Observability: Health, Monitoring & Logs¶
This guide covers the tools and procedures for monitoring the Cloudflare RAG service.
1. Health Checks¶
Health checks are the first line of defense for detecting issues.
API-Side Health Probes¶
The Labeeb API provides endpoints to check the health of its Cloudflare dependencies from its own perspective.
| Endpoint | Probe | Checks | Potential Outcomes |
|---|---|---|---|
/api/health/ai-gateway |
Default (/models) |
AI Gateway connectivity (cached) | ok, degraded |
/api/health/ai-gateway |
?probe=embeddings |
Upstream provider quota | ok, rate_limited, down |
/api/health/edge-llm |
Worker /llm/health |
Custom worker health | ok, down |
Worker-Side Health¶
- Endpoint:
/rag/health - Deep Check: Use
?deep=1to include a quick embedding timing test, which verifies the Workers AI binding is functional.
2. Logs¶
Real-time logs are essential for debugging.
- Command: Use
wrangler tailto stream live logs from your worker. - AI Gateway Logs: View detailed logs and analytics in the Cloudflare dashboard under AI → AI Gateway → Logs.
3. Monitoring & Dashboards¶
AI Gateway Dashboard¶
The AI Gateway dashboard is the primary tool for monitoring cost, latency, and errors related to third-party LLM providers.
- Location: AI → AI Gateway → Analytics
- Key Metrics to Watch:
- Cache Hit Ratio: Enable Cache responses in the gateway settings to reduce costs and latency.

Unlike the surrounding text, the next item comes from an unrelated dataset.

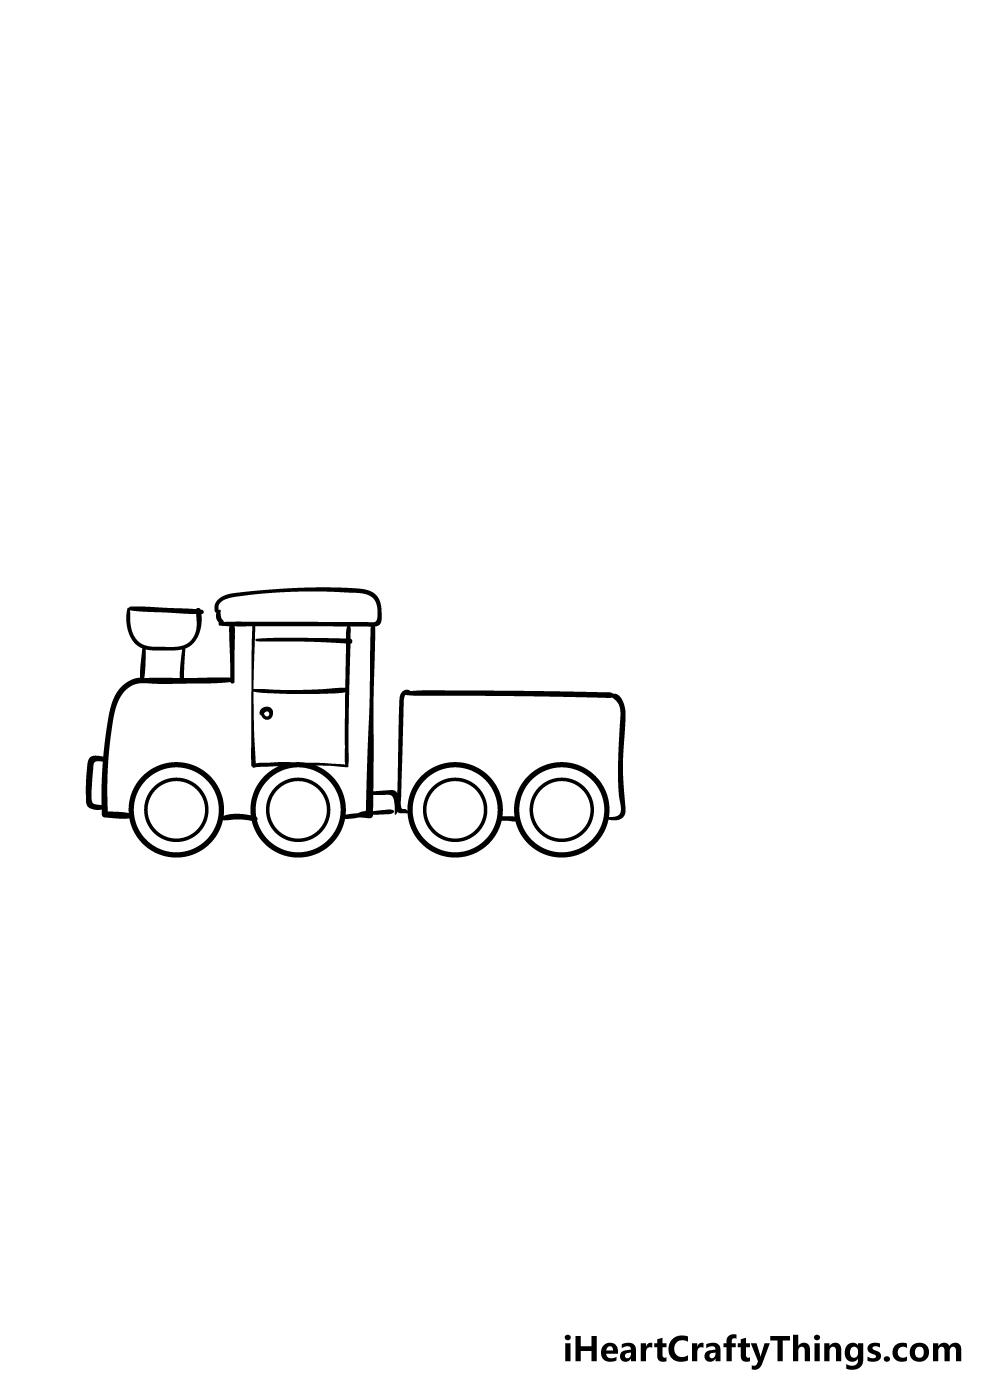 train drawing step 5

A high cache hit ratio is desirable.
- Errors: Monitor for spikes in error rates, which could indicate issues with an upstream provider.
- Latency: Track p95 latency to ensure providers are meeting performance expectations.
Vectorize¶
Use the Wrangler CLI to inspect the status and metadata of your Vectorize indexes.
# List all Vectorize indexes in your account
wrangler vectorize list
# List the metadata configuration for a specific index
wrangler vectorize list-metadata-index labeeb-articles-dev
Server-Timing Header¶
The /rag/query endpoint includes a Server-Timing response header, which provides a detailed breakdown of the time spent in each stage of the RAG pipeline (e.g., embed, search, rerank). This is invaluable for performance analysis.